Por Rafael Rojas Colorado

Dios formó su Iglesia en el desierto, ese inhóspito y extremoso lugar. Apartado de las grandes civilizaciones convoca a un grupo de pastores; en ellos converge la confianza y la fe y les responsabiliza para cumplir una misión: profetizar su divino mensaje a toda su descendencia.

A través de ese grupo de nómadas del desierto difunde su mensaje a todas las naciones del mundo. Aunque de diversas culturas, el lenguaje de la espiritualidad es un solo idioma que persuade y graba en el alma humana las huellas de sus alianzas. Las que pactó con Abraham, más tarde con Jacob, a quien prometió el esplendor de una gran nación.

Siglos posteriores el Monte Sinaí se convierte en un sagrado escenario donde Moisés recibe de Dios los mandamientos que regirán a un pueblo que estaba perdiendo la confianza. Tiempo después reafirma su promesa con la sangre y resurrección de su Hijo unigénito, quien a través de la muerte desciende a los infiernos para expiar los pecados cometidos hasta entonces por quienes abandonaron el desierto para transitar por senderos pecaminosos.

El desierto es un mar de soledad y de silencios donde el perfume del aire despierta el silencio que se va acentuando en esa voz de la que mana la inteligencia y profetiza el amor para solidarizar la hermandad en la humanidad; es ese destello que refleja la sangre derramada en la cruz por Jesús y se transforma en su Evangelio, en esa Palabra revestida de lo sagrado que posee el ejemplo más sublime del amor al prójimo.

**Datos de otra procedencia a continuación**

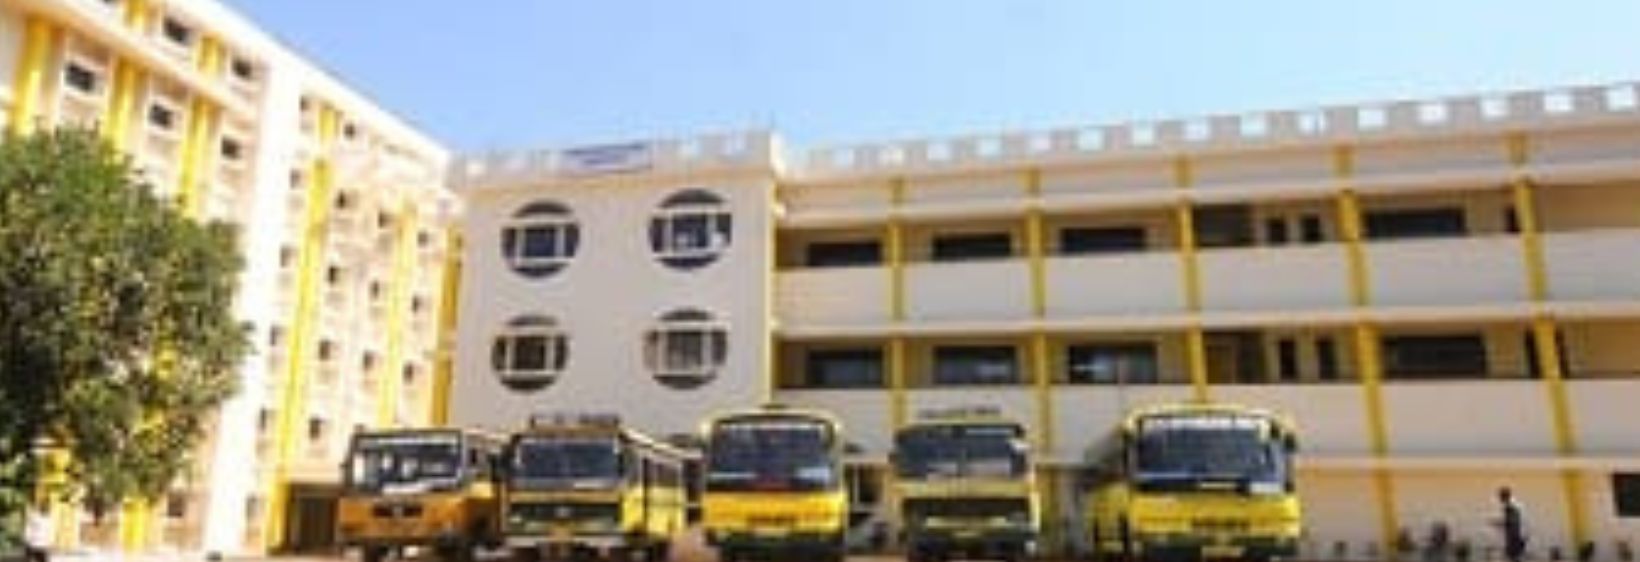 Shree Devi College of Nursing - Mangalore
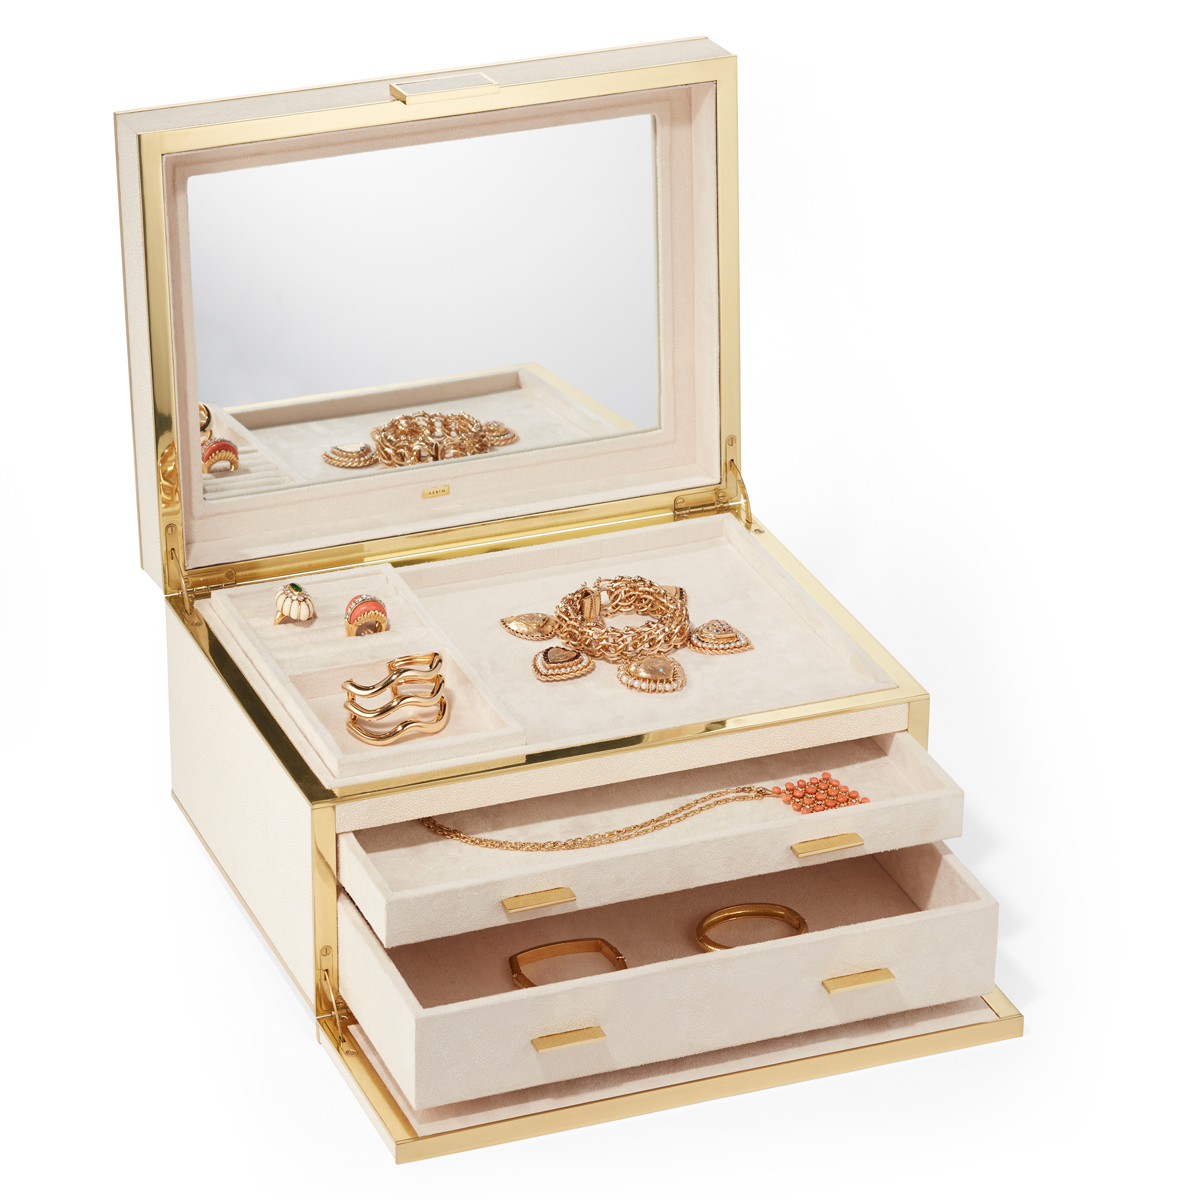 Aerin Luxe Shagreen Jewelry Box, Cream

El desierto es un viaje al interior humano, un paisaje árido de rocas y arenas que posee una luz que ilumina los silencios más profundos del alma. El desierto es la cuna que arrulla la fe de un pueblo que creyó y obedeció esa voz que en los profundos abismos del silencio de ese arenoso mar le señaló el camino que le conduciría a un pleno encuentro con Dios.